States are asking cities to take charge of more programs, but they may not provide enough support.

Jerry Brown is dusting off one of the oldest plays in his book. Back in 1975, during his first term as governor, Brown had appeared before the California State Association of Counties (CSAC) to talk about realignment -- the term of art in California for devolution, or changing the way responsibilities are split between the state and localities.

Now that he’s back in the governor’s office, Brown is putting some of those ideas into action. He returned to CSAC on his first full day in office to promote a realignment package that would make counties responsible for running a much larger share of public safety and social service programs. Proposition 13 -- the property tax law that passed during Brown’s first term -- “took away the power of counties to tax, for the most part,” Brown said at CSAC in January. “It sent the decisions up to Sacramento. So we want to redistribute all that.”

County officials are welcoming the chance to take charge of certain programs, while expressing great concern about handling others. Unsurprisingly, the big question is money -- whether the state will send enough cash to localities to fund the missions it expects them to carry out. “There’s a lot of anxiety,” says Jean Kinney Hurst, a legislative representative with CSAC. “We’re talking about $6 billion worth of programs, many of which counties have never done before.”

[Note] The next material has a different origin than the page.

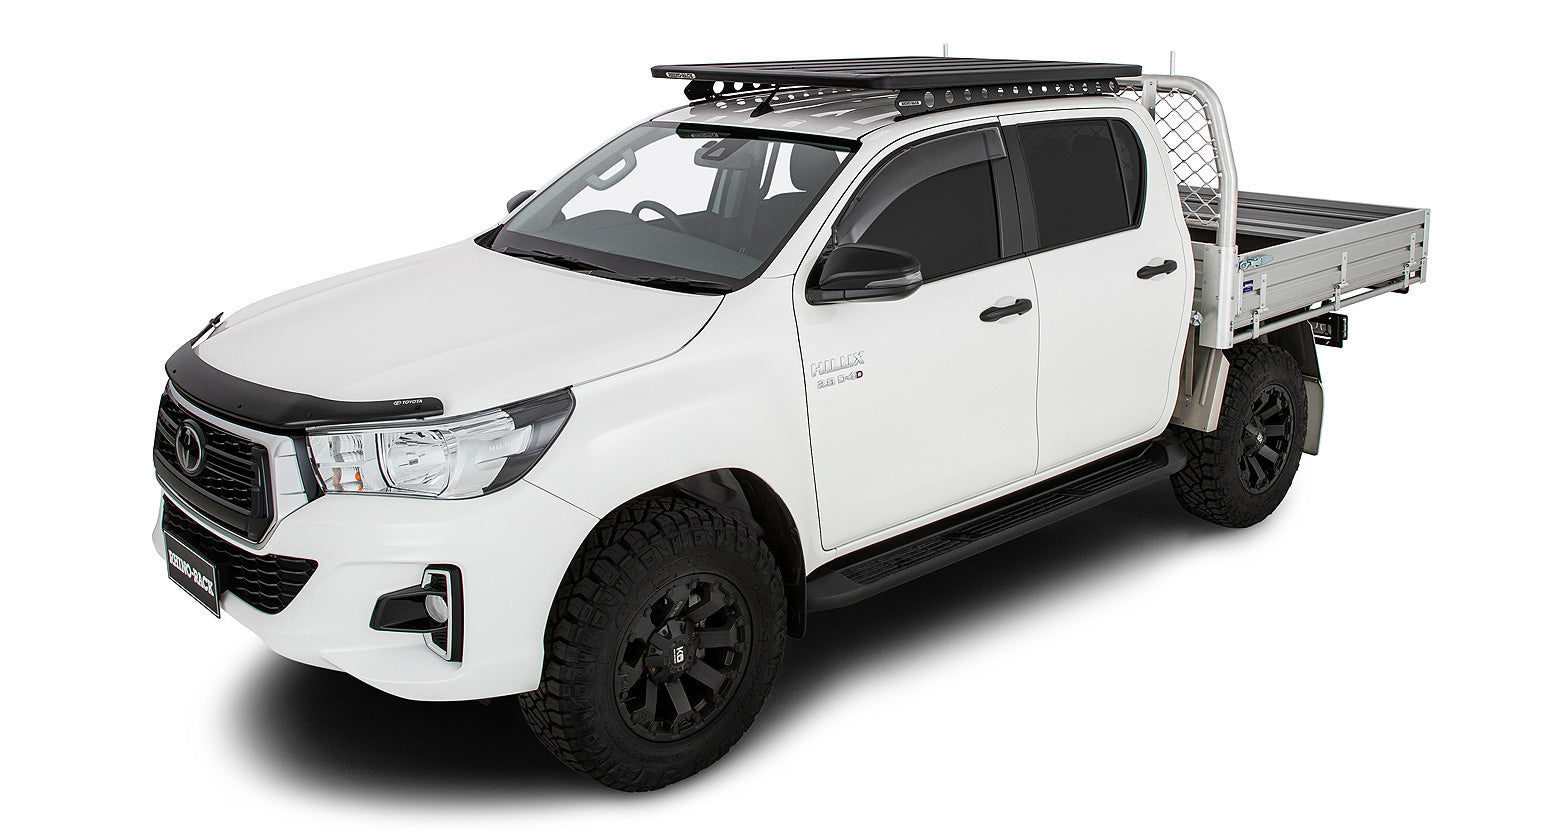 Ladeflächenabdeckung für Toyota Hilux Extra Kabine ( ab 2015-)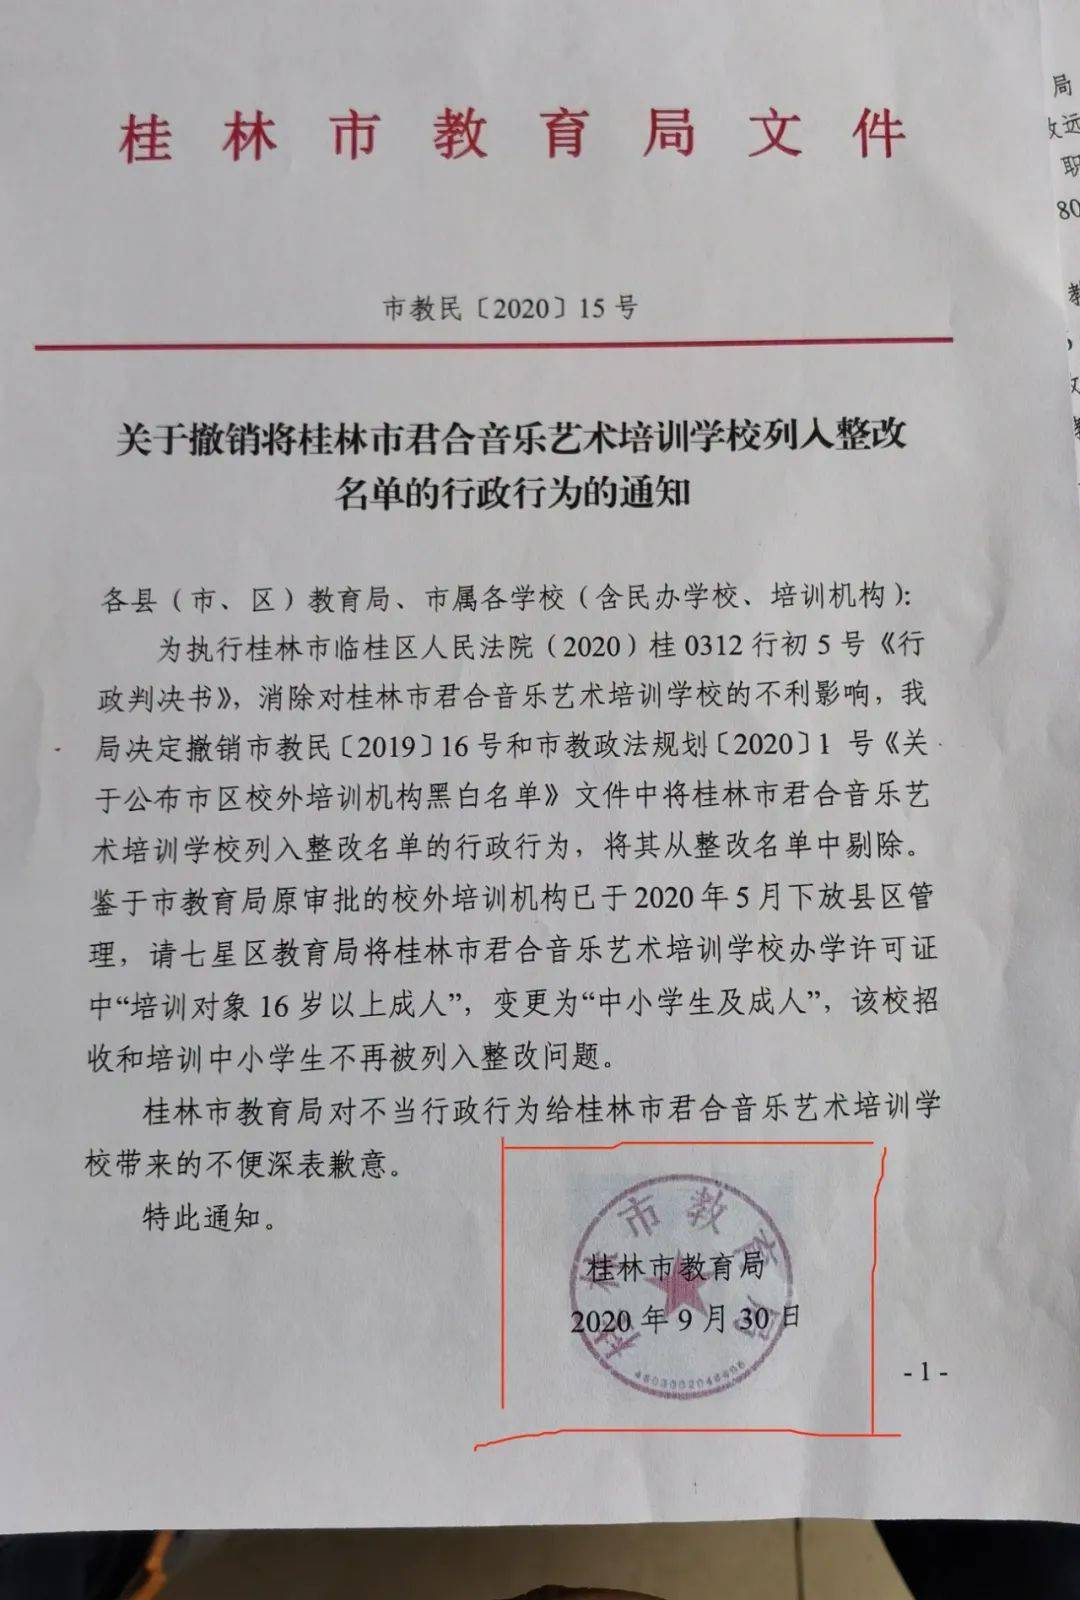 桂林这家机构厉害了!状告桂林教育局胜诉后继续起诉

Similar anxieties are being expressed elsewhere around the country. Other states may not be holding the same overt policy debate about whether localities should take on a larger load, but the question is nonetheless being posed in the form of budget cuts that leave localities more on their own. “There’s a potential,” says Ellis Hankins, executive director of the North Carolina League of Municipalities, “for local elected officials to have to pick up more of the burden and increase the taxes to pay for more public services.”

There’s nothing new in this. States always cut aid to local governments in recessions. During the ongoing state budget crunch, the cuts have grown so deep that many officials at the local level are complaining that states are doing to them what Washington does to the states -- passing on more mandates even while cutting funding.

“We want to make sure that, at a minimum, states don’t try to balance their budgets on the backs of cities by mandating that local governments do what historically has been done by states,” says Don Borut, executive director of the National League of Cities. “And we don’t want the states preempting or putting restraints on how cities can raise money.”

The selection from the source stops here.